It is worth noting that SA-BNs is mainly designed to indentify the miRNA-mRNA interactions for specific conditions. In the analysis, it has been used to discover the miRNA-mRNA interactions for EMT. Table 2 shows that 5 out of 7 identified miRNA-mRNA interactions by SA-BNs have been confirmed experimentally for EMT. It suggests that SA-BNs are promising to discover the miRNA-mRNA interactions for specific conditions. In the following, we will discuss the interactions for EMT in detail.

#### SA-BNs discover the miR-200 family target ZEB1 and ZEB2 for EMT which have been experimentally validated

The miR-200 family has been identified to play a central role in the regulation of the epithelial to mesenchymal transition [28, 29, 46]. In the interaction network, SA-BNs identified experimentally validated targets of *miR-200* family. The results of SA-BNs show that *ZEB1* is co-targeted by *miR-200b* and *miR-200c*, and *ZEB2* is co-targeted by *miR-200a* and *miR-200b* in EMT module at statistically significant level. Correlation tests show that miR-200 negatively correlates with *ZEB1* and *ZEB2* at significant level (*p*-value < 0.005, adjusted by BH method). The discovery indicates that the miR-200 family negatively regulates *ZEB1* and *ZEB2*, in agreement with previous experimental work showing that the miR-200 family regulate EMT by directly targeting *ZEB1* and *ZEB2*[28, 29, 46]. This discovery of SA-BNs is consistent with the validated results.

#### SA-BNs discover LOX has wide interactions with miR-200 family for EMT which is also supported by literature

SA-BNs show that *LOX* is negatively co-regulated by all *miR-200* family members inducing EMT. Higgins et al. have suggested that *LOX* regulates EMT [47]. This is consistent with our results and suggests that *LOX* has wide interactions with the miR-200 family members for EMT.

#### A significant number of mRNAs identified by SA-BNs participate in the biological processes of EMT

The functions of identified mRNAs and the molecular pathways they potentially constitute were assessed by using Ingenuity Pathway Analysis (IPA) software. The regulated targets are significantly enriched for several biological functions. The top five functions listed by IPA are known to be critical for EMT. They are cellular development, cell-to-cell signaling and interaction, cellular movement, gene expression, and cellular growth and proliferation. Specifically, sub-categories of cellular movement, migration, invasion, and scattering, have been identified as the functional markers of EMT [42]. In the results identified by SA-BNs, a significant number of mRNAs associate with these EMT functional markers (Table 3), details in Additional file 3).
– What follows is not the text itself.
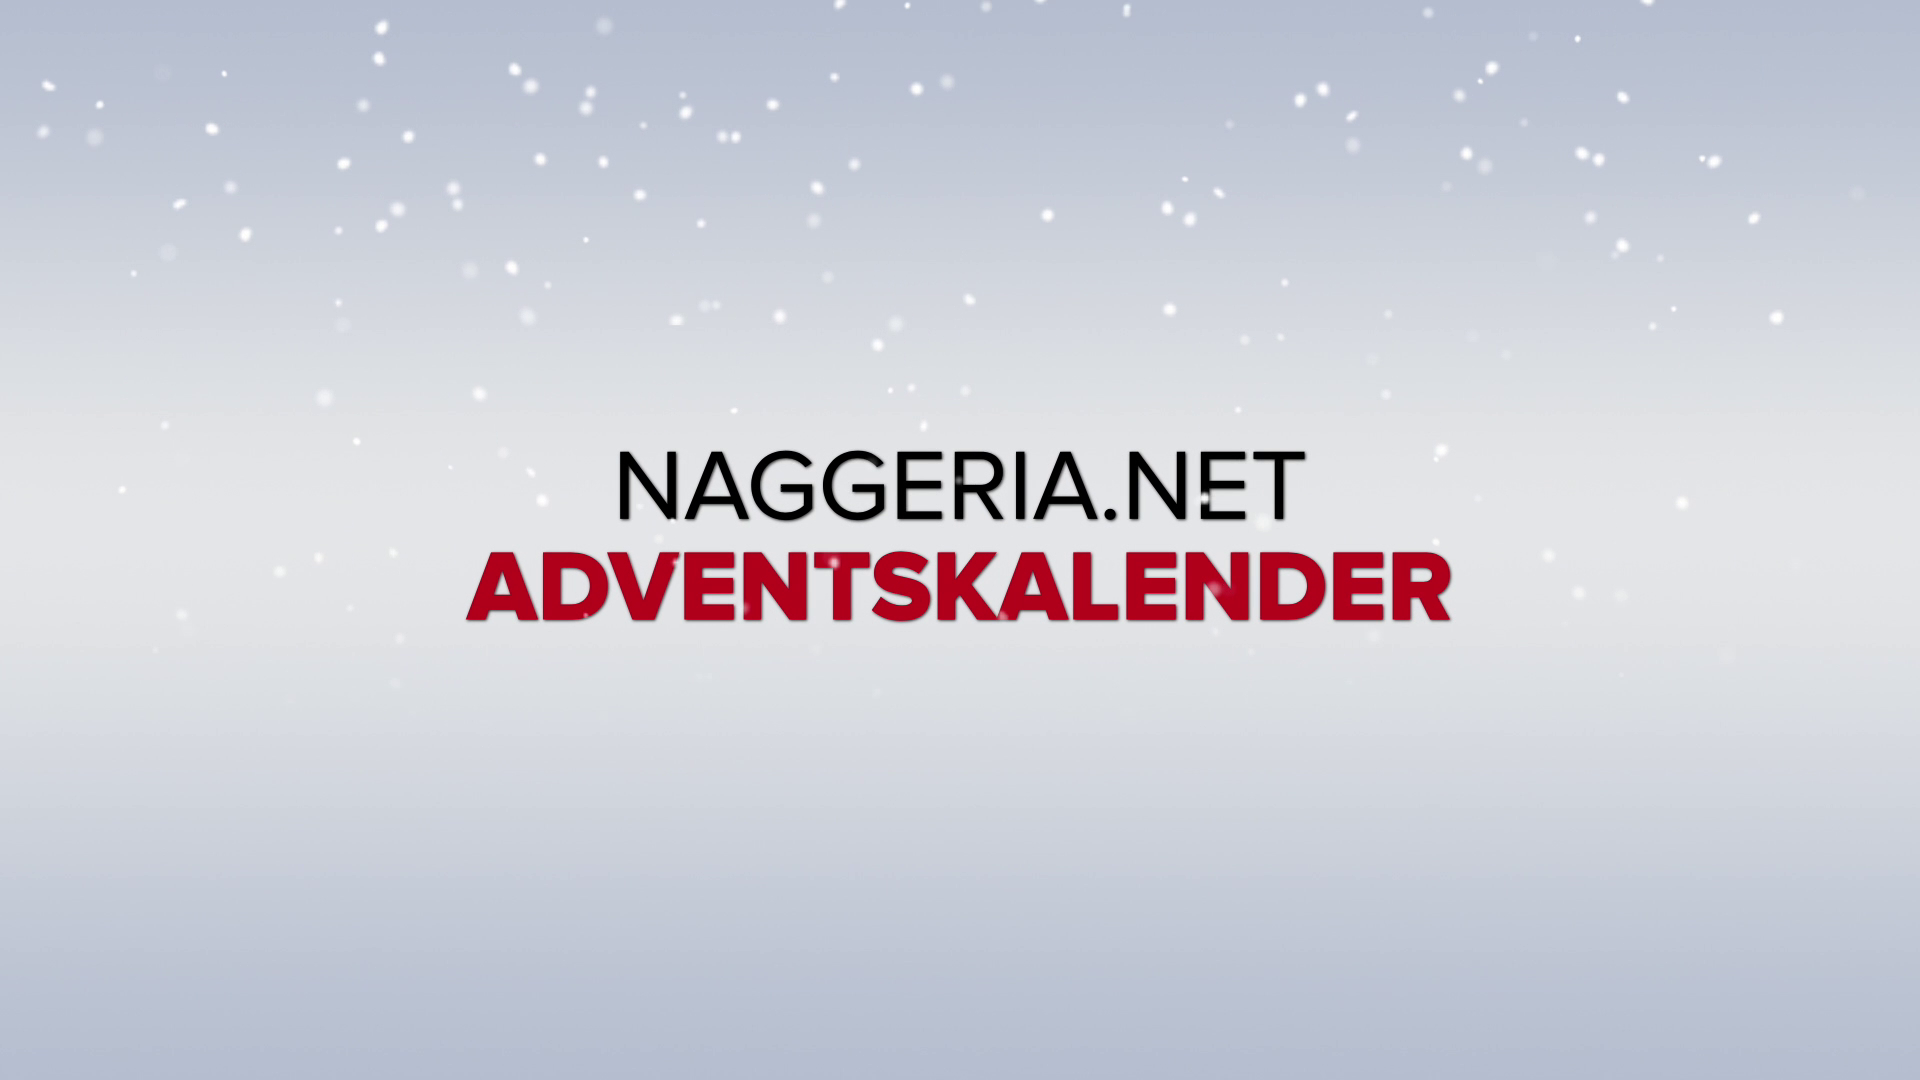 Naggeria Adventskalender 2015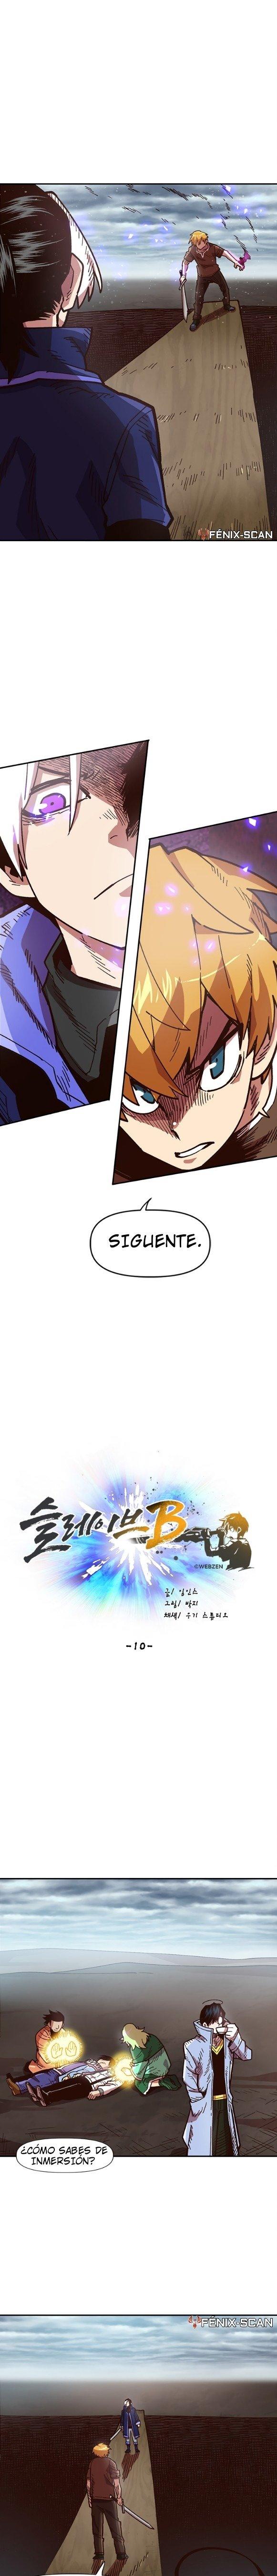 https://nine.mangadogs.com/es_manga/pic8/15/35919/948230/559269b636448e707b934d2e19a15af8.jpg Page 8

It suggests that SA-BNs captured many mRNAs and their interactive miRNAs participating in EMT.

#### Molecular networks participated in by identified mRNAs are highly relevant to EMT, suggesting that the pathways of identified mRNAs may also be regulated by the miR-200 family

IPA identified 8 molecular networks constituted by the 88 predicted targets which are down-regulated by miRNAs, exemplified by three networks which are highly relevant to EMT in Figure 8, 9 and 10. The network in Figure 8 suggests functions in cancer, cellular movement and gastrointestinal disease. 18 out of 34 mRNAs in this network are identified by SA-BNs. In the network, *FN1* is a hub interacting with many other molecules involved in functions associated with EMT, including migration, adhesion, cell spreading, apoptosis, proliferation, formation, attachment, quantity, assembly, and invasion. SA-BNs suggest that miR-200b and miR-200c co-regulate *FN1* for EMT. In addition, *LOX*, which was identified to interact with miR-200 family by SA-BNs, is involved in this network by interacting with many other molecules, including *FN1*. Figure 9 shows the network has functions in cell morphology, skeletal and muscular system development, and connective tissue development. 16 out of 35 molecules in this network are identified by SA-BNs, including one of the validated targets of miR-200 family, *ZEB* 1. Furthermore, *JUN*, regulated by *miR-200b* according to SA-BNs, interacts with many other molecules involved in apoptosis, proliferation, growth, transformation, cell death, morphology, cell cycle progression, survival, colony formation, and motility. Figure 10 is the network with functions in cellular growth and proliferation, cellular function and maintenance. 15 out of 35 of mRNAs in this network are identified by SA-BNs, including one of the validated targets of miR-200 family, *ZEB2*. Mechanisms mediated by these molecules have been implicated in EMT. Figure 8, 9 and 10 suggest that these pathways may also be regulated by the miR-200 family.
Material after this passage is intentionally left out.